Traditional Subsistence and Economy

Awaswas subsistence drew on marine and terrestrial resources: fishing and shellfish gathering along the Pacific Ocean coast, acorn processing from Quercus woodlands, hunting of deer and small mammals, and the management of grasslands through controlled burning—practices described in ecological studies by Derek S. Kessel, Karen F. Smith, and in ethnobotanical surveys archived at the Jepson Herbarium. Trade and exchange networks linked Awaswas villages with markets and visiting itineraries documented among Yurok and Karuk trading routes, incorporating goods such as obsidian, shell beads, and basketry that appear in museum collections at the Hearst Museum and the Santa Cruz Museum of Natural History.

Contemporary Status and Revitalization Efforts

Descendants associated with Awaswas communities participate in cultural revitalization alongside broader Ohlone initiatives, engaging with institutions like Muwekma Ohlone Tribe, Amah Mutsun Tribal Band, Lisjan Ohlone, and academic programs at San José State University and UC Santa Cruz.

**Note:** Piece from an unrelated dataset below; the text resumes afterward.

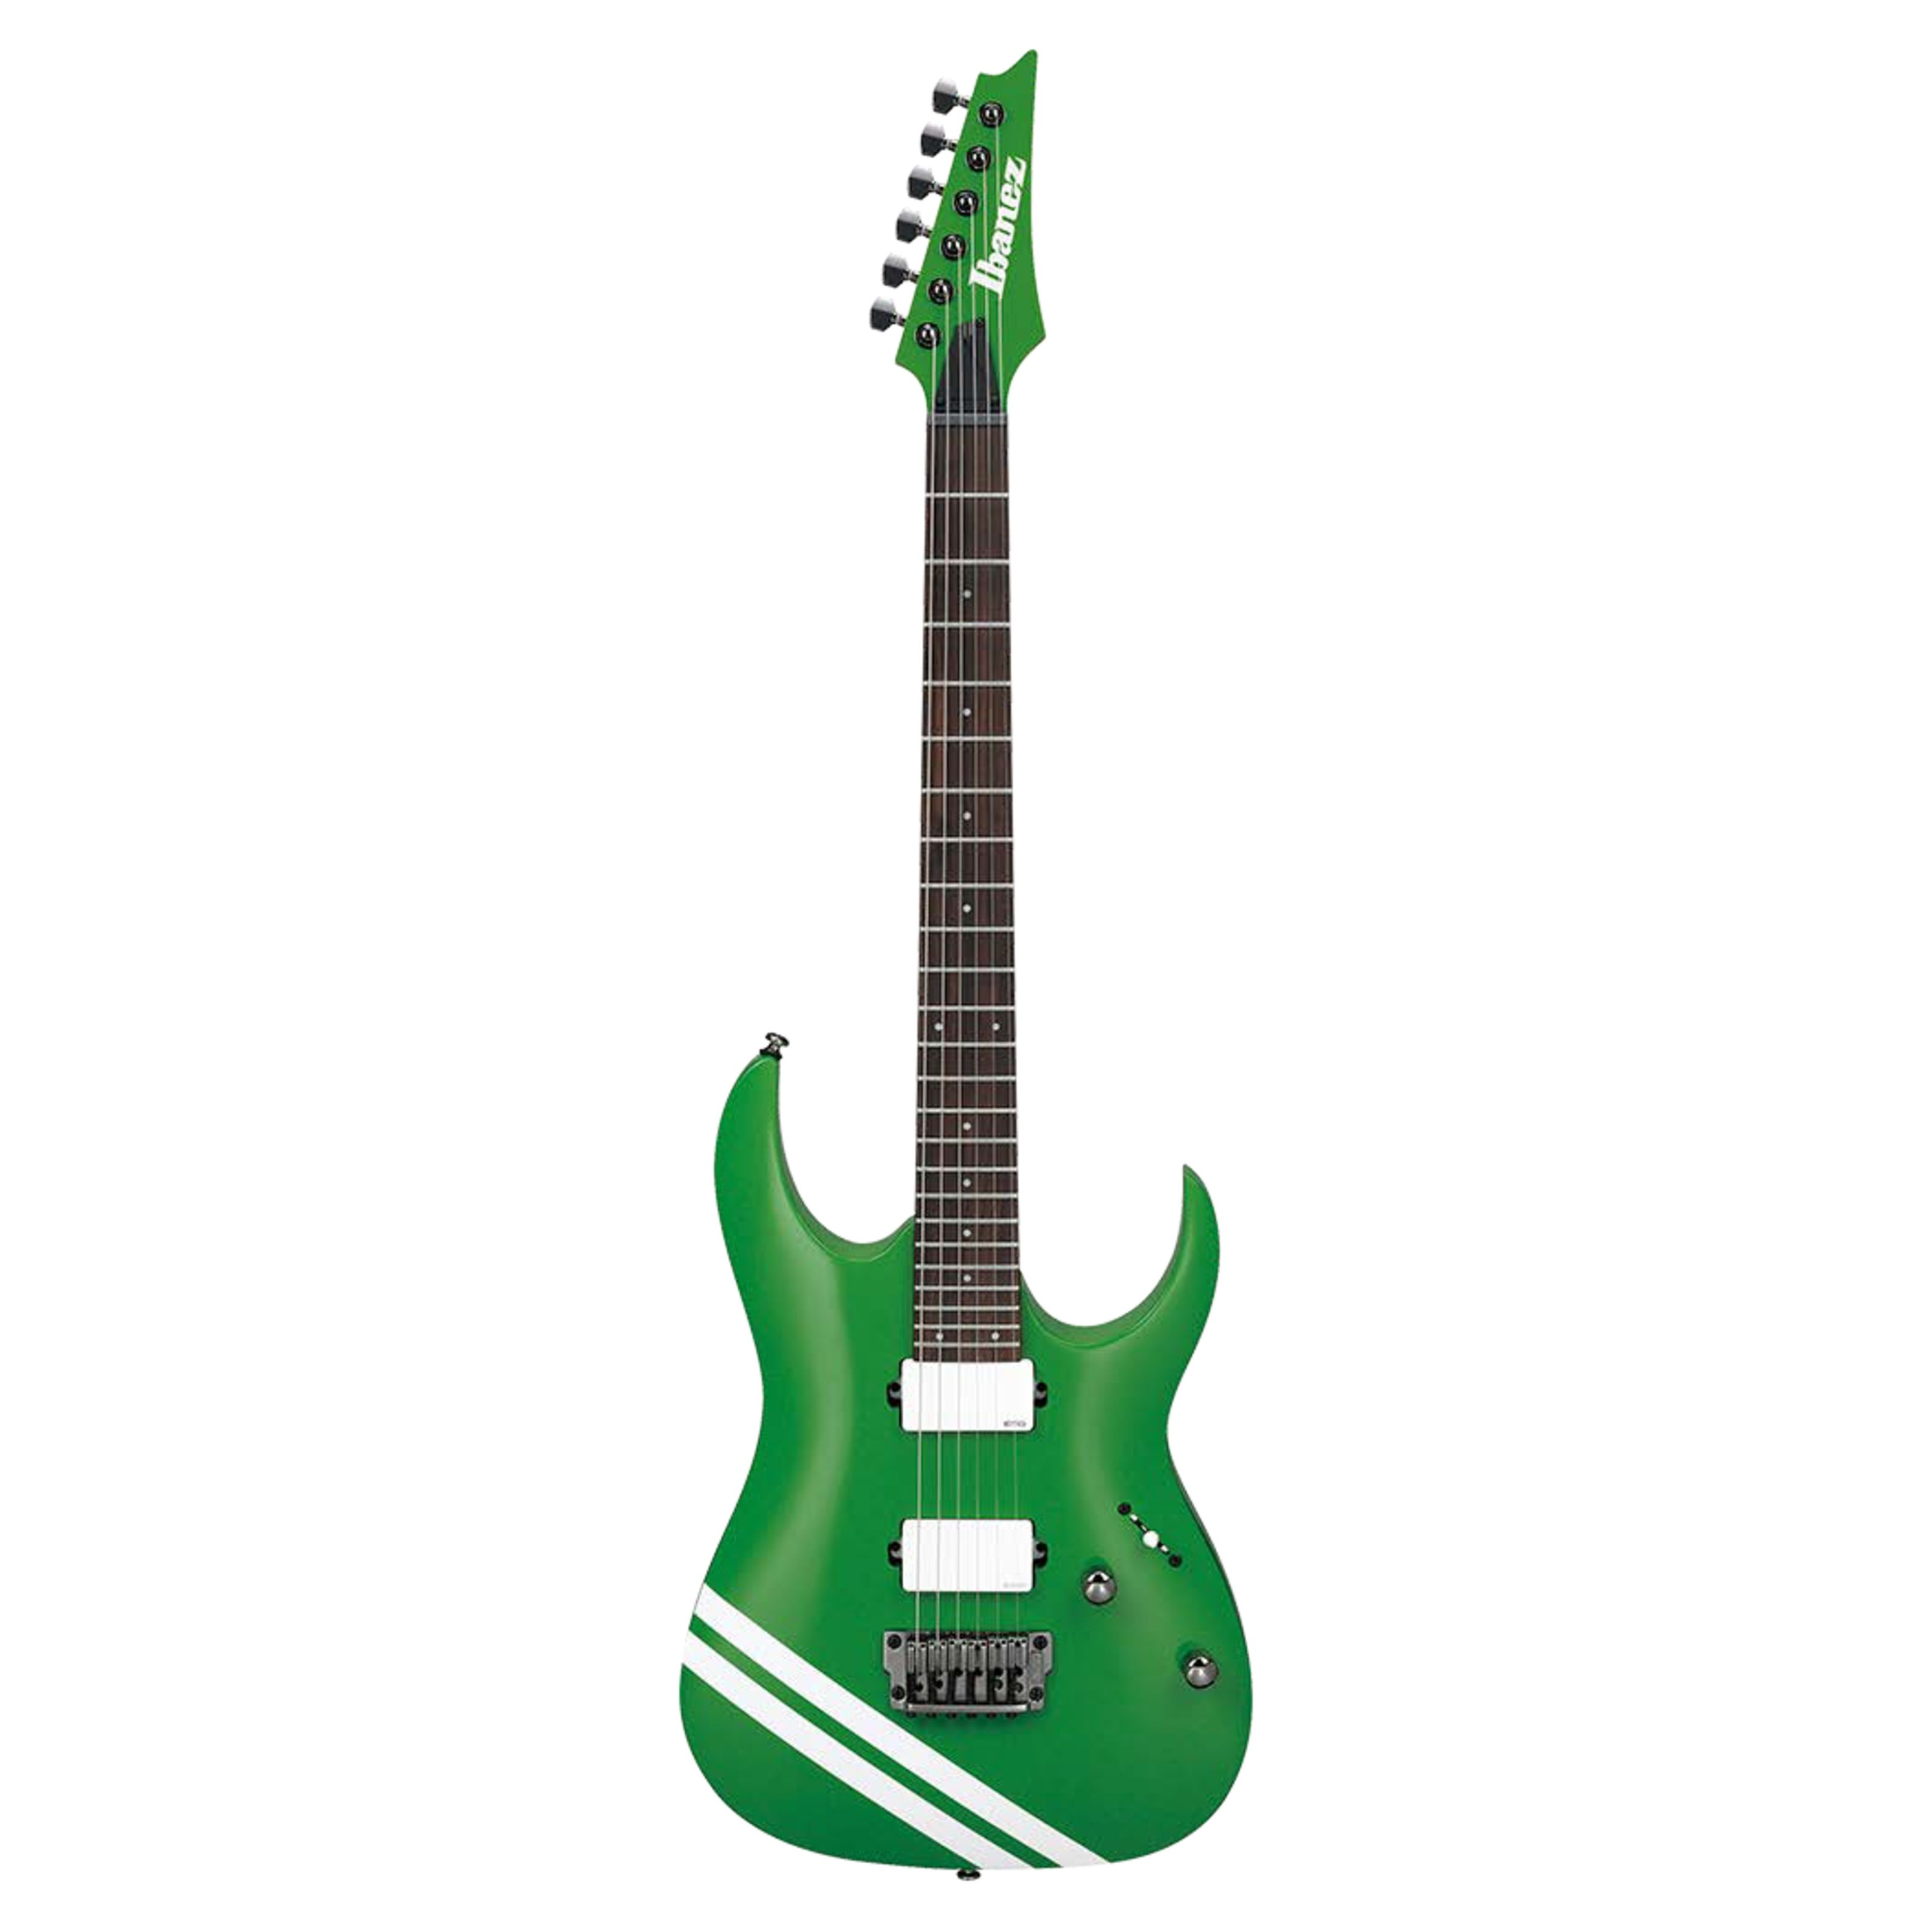 Ibanez - JB Brubaker JBBM20-GR Green

Language reclamation projects build upon archival recordings by Harrington and orthographies proposed by linguists such as Leanne Hinton and Victor Golla. Cultural heritage work involves collaboration with California Native American Heritage Commission, Bureau of Indian Affairs, and local governments in Santa Cruz County and San Mateo County to protect archaeological sites, repatriate ancestral remains under NAGPRA frameworks, and restore traditional landscapes through partnerships with California State Parks and community organizations including the InterTribal Sinkyone Wilderness Council and regional land trusts.